**Data for analysis**

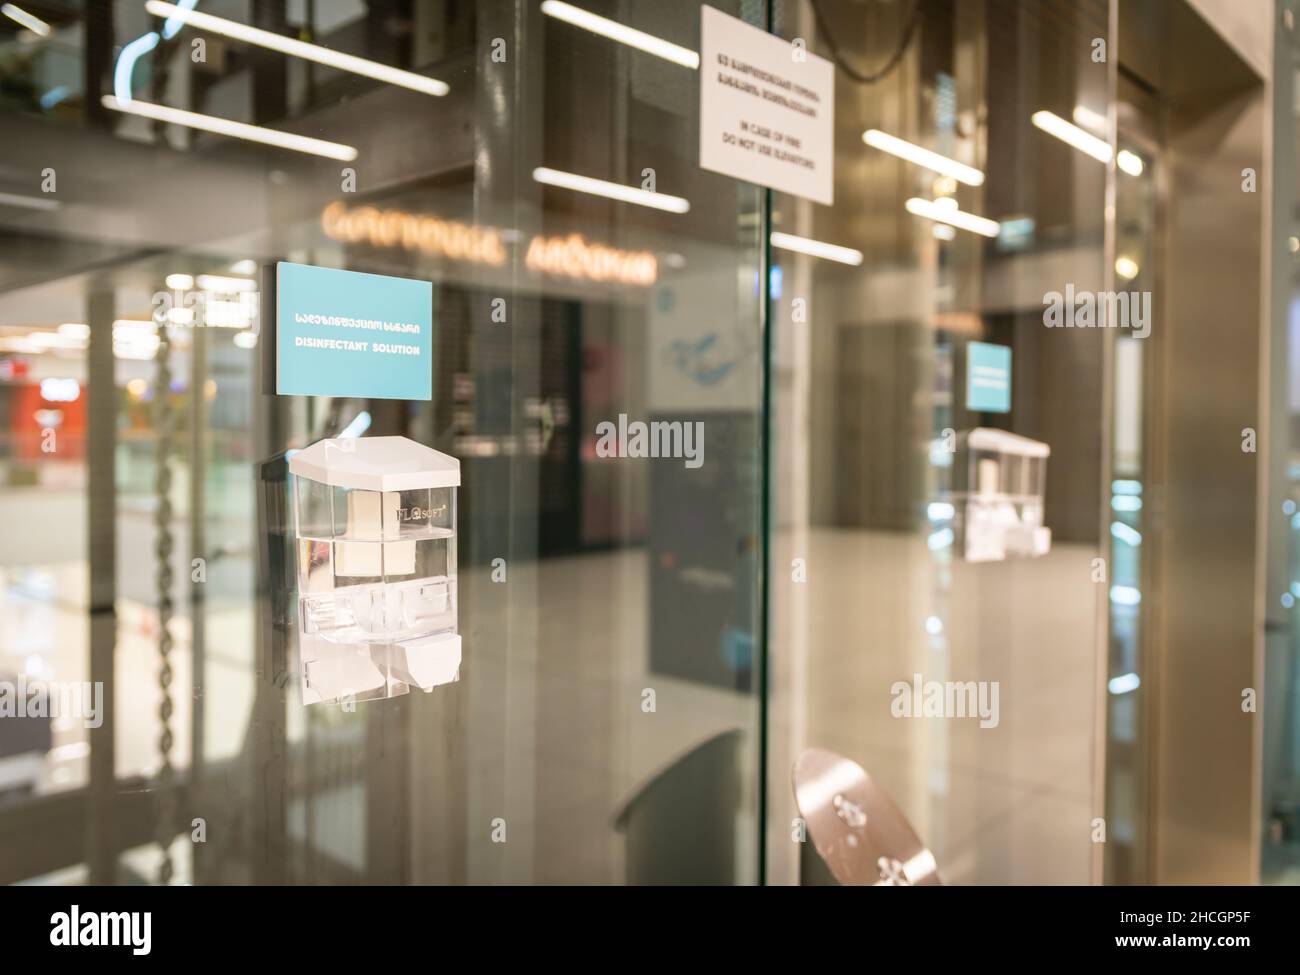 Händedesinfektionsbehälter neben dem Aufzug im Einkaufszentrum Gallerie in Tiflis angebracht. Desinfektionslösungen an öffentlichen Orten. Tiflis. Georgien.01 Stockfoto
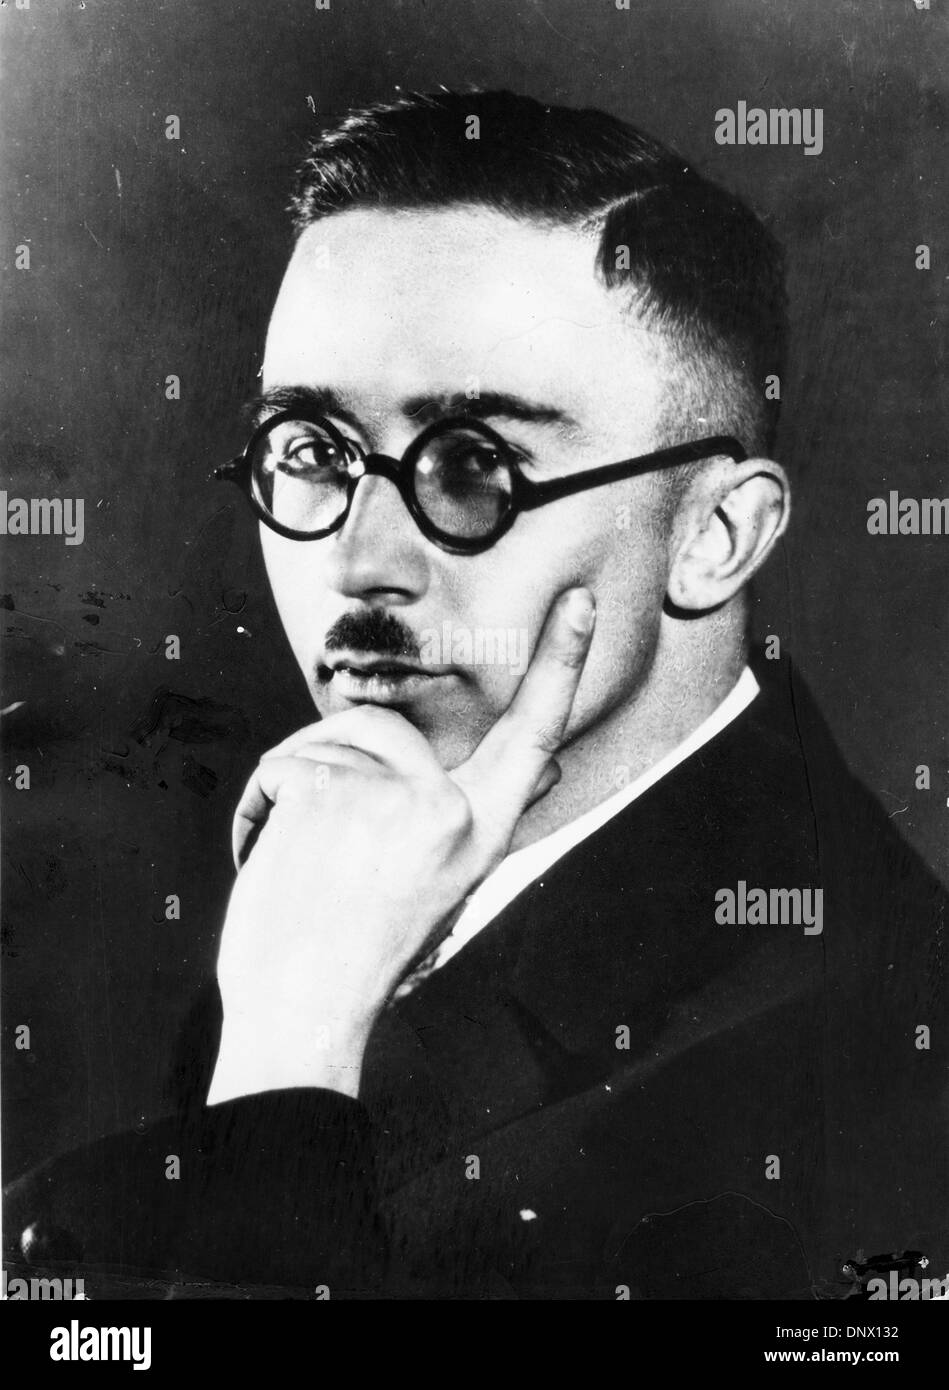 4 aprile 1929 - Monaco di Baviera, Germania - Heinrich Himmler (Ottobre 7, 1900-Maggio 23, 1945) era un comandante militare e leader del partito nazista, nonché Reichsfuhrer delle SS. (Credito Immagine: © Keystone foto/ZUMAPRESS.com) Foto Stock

---

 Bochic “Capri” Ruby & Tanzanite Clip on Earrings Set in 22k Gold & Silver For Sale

**Task requirements**
For this exercise, reproduce exactly the lines of the records above from the one with "Händedesinfektionsbehälter neben dem" up to and including the one with "4 aprile 1929", without pictures.

**Completed exercise**
 Händedesinfektionsbehälter neben dem Aufzug im Einkaufszentrum Gallerie in Tiflis angebracht. Desinfektionslösungen an öffentlichen Orten. Tiflis. Georgien.01 Stockfoto
 4 aprile 1929 - Monaco di Baviera, Germania - Heinrich Himmler (Ottobre 7, 1900-Maggio 23, 1945) era un comandante militare e leader del partito nazista, nonché Reichsfuhrer delle SS. (Credito Immagine: © Keystone foto/ZUMAPRESS.com) Foto Stock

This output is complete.